### About this exercise
In the records below, find the line with "Comino Modern aluminum"; retype that line and all the following lines through the end, exactly, and add nothing.

### Information
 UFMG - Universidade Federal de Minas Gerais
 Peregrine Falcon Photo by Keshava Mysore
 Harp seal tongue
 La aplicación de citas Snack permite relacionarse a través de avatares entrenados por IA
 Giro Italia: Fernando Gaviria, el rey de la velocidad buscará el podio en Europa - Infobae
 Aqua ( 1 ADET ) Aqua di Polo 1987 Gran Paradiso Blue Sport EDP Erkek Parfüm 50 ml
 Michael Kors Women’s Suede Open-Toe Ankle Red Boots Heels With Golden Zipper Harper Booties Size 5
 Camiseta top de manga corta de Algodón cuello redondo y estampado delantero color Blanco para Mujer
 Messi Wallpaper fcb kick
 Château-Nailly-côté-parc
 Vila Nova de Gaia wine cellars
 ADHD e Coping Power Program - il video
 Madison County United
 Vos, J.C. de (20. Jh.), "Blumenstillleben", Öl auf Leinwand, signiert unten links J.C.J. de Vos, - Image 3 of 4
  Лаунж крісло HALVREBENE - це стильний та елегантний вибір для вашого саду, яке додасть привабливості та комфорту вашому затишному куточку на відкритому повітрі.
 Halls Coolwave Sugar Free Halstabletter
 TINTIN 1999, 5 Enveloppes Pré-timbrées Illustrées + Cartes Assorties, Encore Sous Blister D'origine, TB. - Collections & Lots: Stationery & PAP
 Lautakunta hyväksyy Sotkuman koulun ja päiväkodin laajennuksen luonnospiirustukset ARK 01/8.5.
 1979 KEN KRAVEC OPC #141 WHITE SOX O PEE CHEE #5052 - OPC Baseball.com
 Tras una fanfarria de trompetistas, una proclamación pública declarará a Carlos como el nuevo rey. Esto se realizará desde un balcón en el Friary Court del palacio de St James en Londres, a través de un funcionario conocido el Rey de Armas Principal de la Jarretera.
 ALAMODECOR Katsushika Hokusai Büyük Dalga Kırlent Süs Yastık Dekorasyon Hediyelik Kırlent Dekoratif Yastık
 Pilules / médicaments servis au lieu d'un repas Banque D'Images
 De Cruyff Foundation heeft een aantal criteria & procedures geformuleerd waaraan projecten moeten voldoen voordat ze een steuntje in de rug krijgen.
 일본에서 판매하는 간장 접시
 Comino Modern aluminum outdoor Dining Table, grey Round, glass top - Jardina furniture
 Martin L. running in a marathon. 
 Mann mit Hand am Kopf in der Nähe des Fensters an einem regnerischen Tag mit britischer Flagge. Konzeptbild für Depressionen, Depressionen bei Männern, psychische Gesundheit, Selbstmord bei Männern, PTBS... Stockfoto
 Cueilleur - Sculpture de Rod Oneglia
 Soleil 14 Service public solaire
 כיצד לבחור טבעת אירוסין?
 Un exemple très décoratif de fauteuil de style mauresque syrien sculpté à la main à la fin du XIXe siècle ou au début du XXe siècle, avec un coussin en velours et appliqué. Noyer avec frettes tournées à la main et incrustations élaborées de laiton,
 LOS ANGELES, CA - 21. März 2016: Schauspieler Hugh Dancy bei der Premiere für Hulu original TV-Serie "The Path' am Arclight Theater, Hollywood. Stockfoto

### Response to the exercise
 Comino Modern aluminum outdoor Dining Table, grey Round, glass top - Jardina furniture
 Martin L. running in a marathon. 
 Mann mit Hand am Kopf in der Nähe des Fensters an einem regnerischen Tag mit britischer Flagge. Konzeptbild für Depressionen, Depressionen bei Männern, psychische Gesundheit, Selbstmord bei Männern, PTBS... Stockfoto
 Cueilleur - Sculpture de Rod Oneglia
 Soleil 14 Service public solaire
 כיצד לבחור טבעת אירוסין?
 Un exemple très décoratif de fauteuil de style mauresque syrien sculpté à la main à la fin du XIXe siècle ou au début du XXe siècle, avec un coussin en velours et appliqué. Noyer avec frettes tournées à la main et incrustations élaborées de laiton,
 LOS ANGELES, CA - 21. März 2016: Schauspieler Hugh Dancy bei der Premiere für Hulu original TV-Serie "The Path' am Arclight Theater, Hollywood. Stockfoto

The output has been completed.